FWIW, my simplistic understanding is it works this way.

Smaller pixels gather less light, but the important thing is the total light gathered by the sensor. So, the amount of light per pixel isn't necessarily the key.

Larger pixels have a greater full well capacity. When shooting in good light (so generally low ISO), the greater full well capacity can help because it allows a greater range of results (subtley of tones) than a small pixel which should become full/saturated sooner. On the other hand, a smaller pixel is going to gather less light in a given amount of time, so in the end again, it's not as simple as saying a larger pixel is necessarily better. It depends on how big the difference is between the small and large pixels.

Where a difference comes is that larger pixels potentially mean a greater light-gathering area on the sensor.
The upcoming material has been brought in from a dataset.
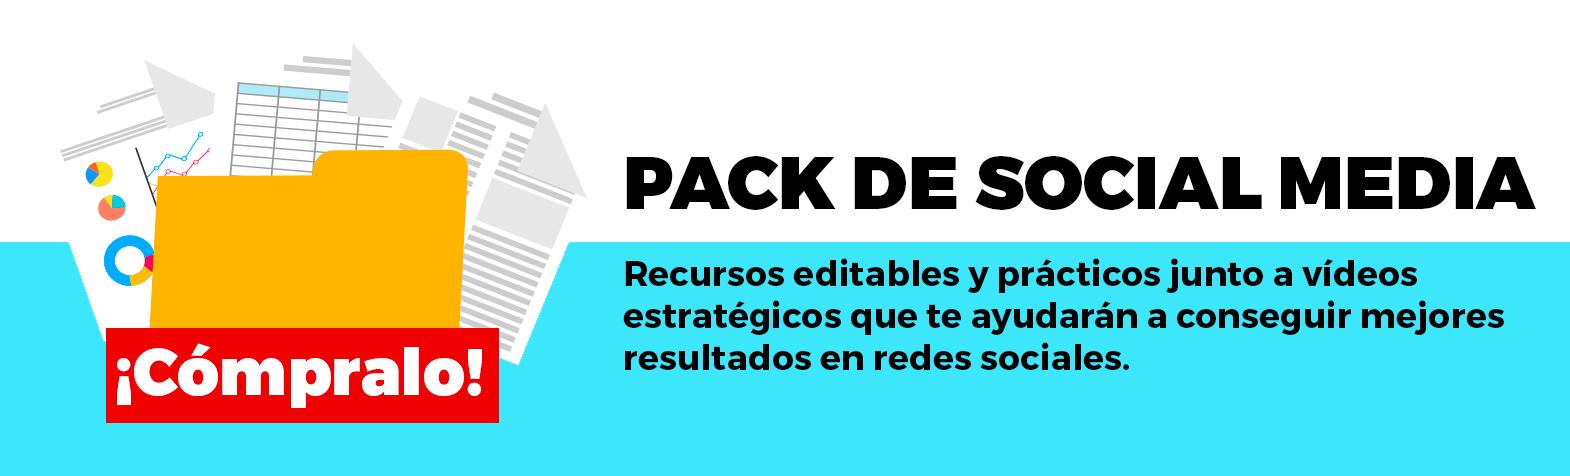 pack-de-social-media-plantillas-redes-sociales

Each pixel has a "wall", and small pixels mean more pixels for a given size sensor, which means more "walls". Assuming the walls are the same width, more of the sensor is lost to non-light-gathering walls. So, if the pixels have the same QE, the overall sensor QE for the sensor with small pixels is lower than the overall sensor QE for the sensor with large pixels. When there is plenty of light (so assume low ISO), the slightly lower QE doesn't matter. As light level drops though (think higher ISO), the difference in QE starts to become more significant.

Incidentally, I understand this is essentially why BSI sensor designs are regarded as better than the older designs, ie BSI moves some components off the sensor surface which is used for light gathering, so allows the light gathering areas to be larger while the physical size of the sensor stays the same.

However, as Sporgon has said, you have to take into account output size too. As you reduce output size, differences becomes harder to pick. As you increase output size, differences get easier to see. But as you increase output size, the lower resolution sensor starts to hit its limit before the higher resolution sensor, so even if it started with any advantage, it ends up having to fight a slightly different issue once output size gets large enough.

If anyone has a better understanding than me, I'm all ears!


----------